Внешность, природная внешность артиста Александра Калягина — из этого ряда.
Полнота — какая-то нетеперешняя, полнота той поры, когда, желая сказать приятное, говорили: «как вы пополнели», и ездили «на виноград», чтобы прибавить в весе. И особая легкость движений, присущая именно что полному телу, — вы, должно быть. ...
Калягин молод — но это явственно выступило лишь тогда, когда он, приступая к съемкам фильма «Неоконченная пьеса для механического пианино», по настоянию режиссера радикально сбросил вес и открыл свой истинный возраст, а до того он и казался старше своих лет и почти всякий раз играл тех, кто его по роли много старше.

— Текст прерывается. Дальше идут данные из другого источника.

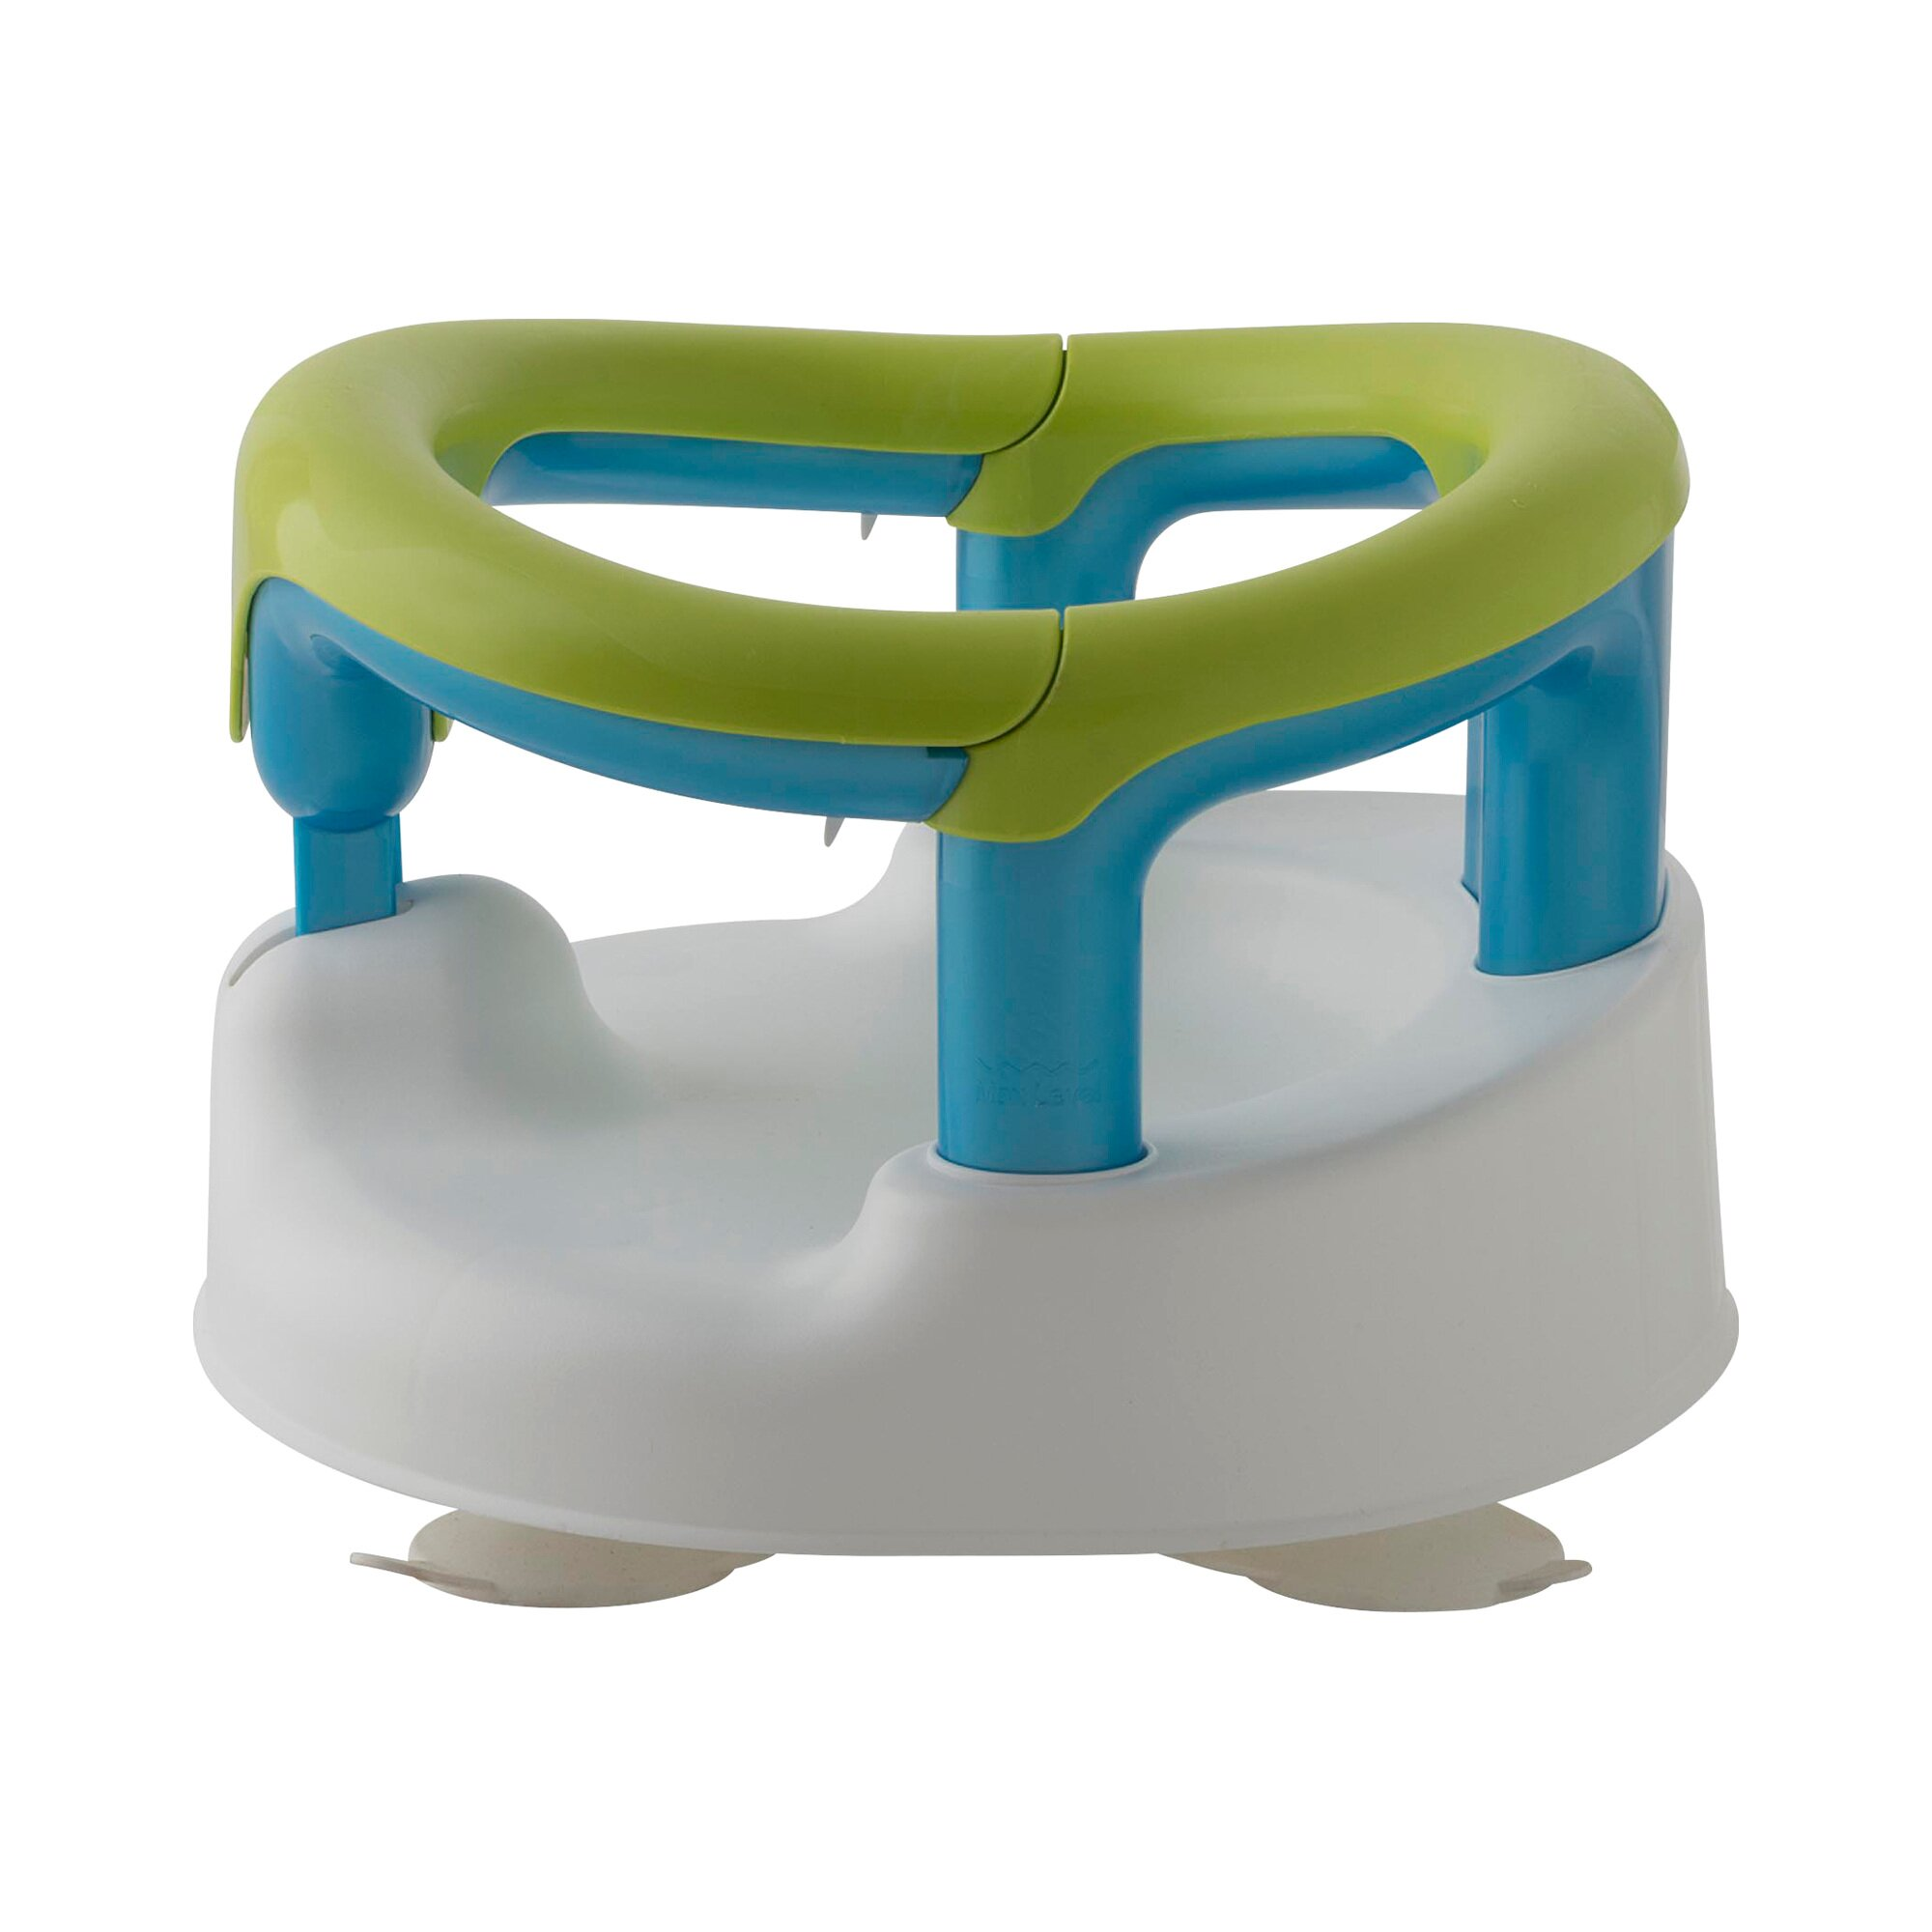 Rotho Babydesign Badesitz Preisvergleich

Когда вспоминаешь, каким был Калягин в спектакле «Записки сумасшедшего», в телепостановках, где он был мистером Пиквиком, Левенгуком и «теткой Чарлея», в фильмах «Преждевременный человек» или «Ярослав Домбровский», в киносказке «Принцесса на горошине», опять и опять испытываешь удивление от того, что лица его героев, все эти лица — впрямь оттуда, из давно прошедших разнообразных времен, из ушедшей жизни разных стран. Да, в самом облике Калягина живет удивительная возможность естественного физического бытия в истории: он из редчайшего сейчас типа актеров, одаренных тем, что можно было бы назвать свойством исторической характерности.

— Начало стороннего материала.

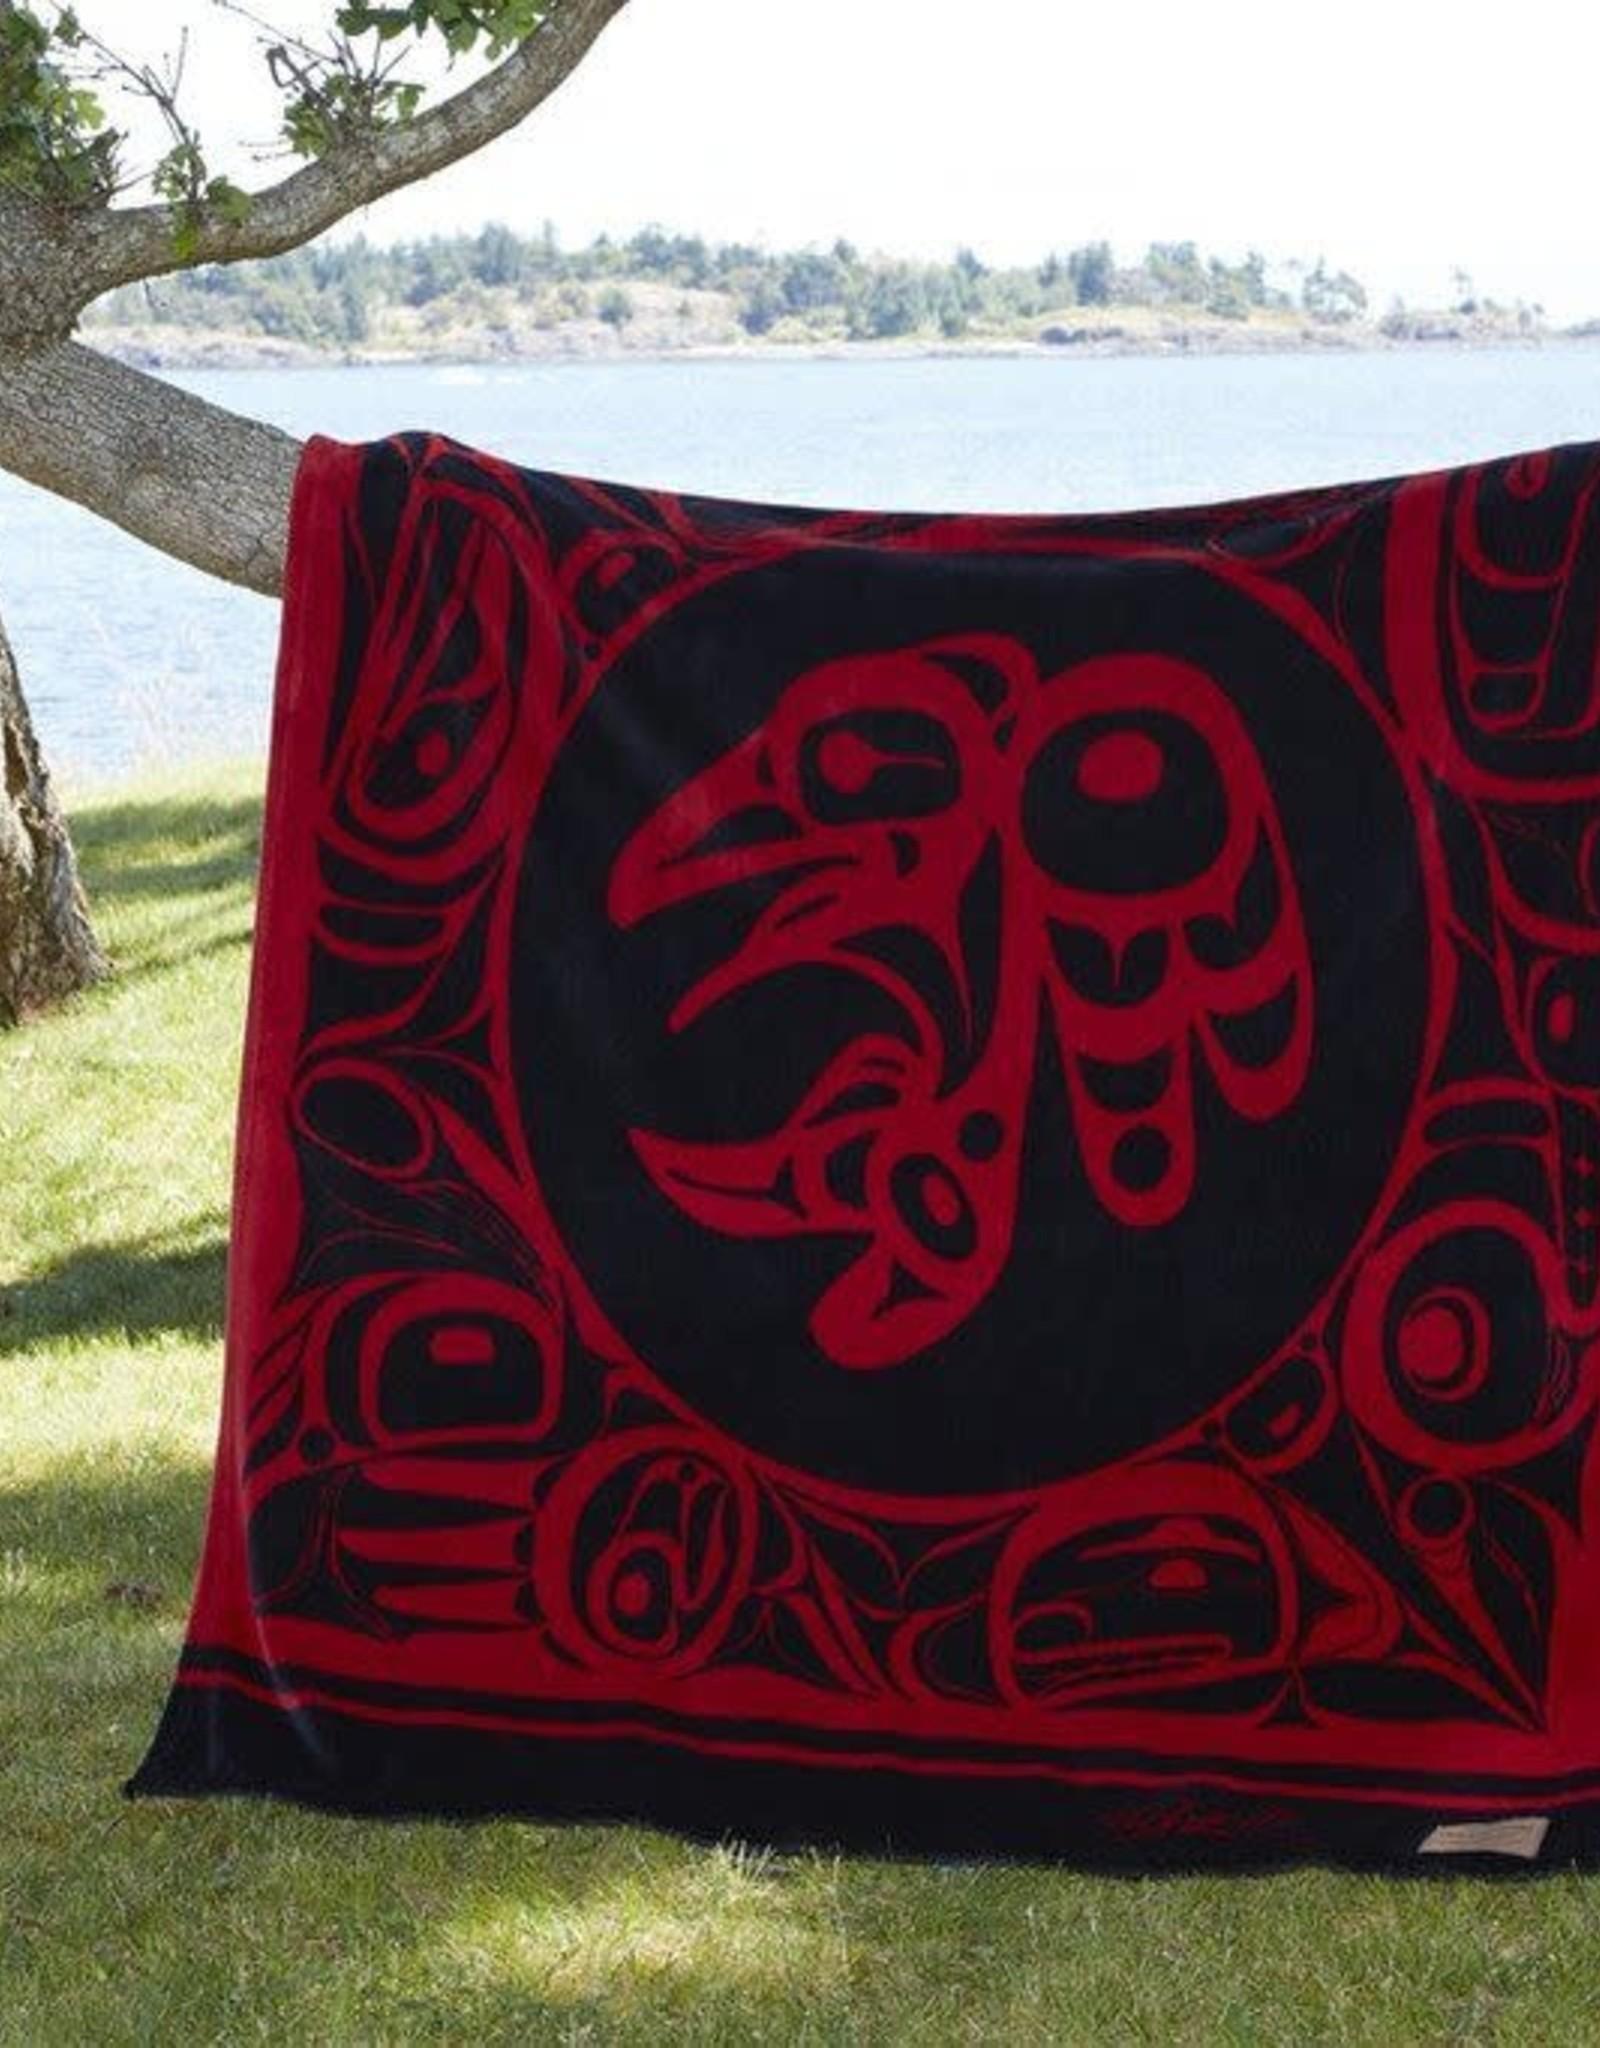 Kanata Blanket-Raven/ Red by Bill Helin

Он свой у Гоголя, где чернильная затхлость «присутственных мест», засаленные обшлага зеленых вицмундиров, острый шорох гусиного пера, выводящего завитушки на казенной бумаге, сырые колодцы дворов, сырые норы чиновничьих каморок — и торцы Невского проспекта под копытами тысячных рысаков, и ледяная важность «значительных лиц», и надменная бледная петербургская прелесть генеральских дочек, с их тонконогими балованными левретками, с их душистыми альбомами для мадригалов...
Он свой в мире Диккенса, где высокие тульи цилиндров, двухэтажные дилижансы, запах тяжелых пудингов, горячего грога и холодного пунша, где уют вечерних бесед «пиквистов» у потрескивающего камина и где свирепый тесный ад долговых ям...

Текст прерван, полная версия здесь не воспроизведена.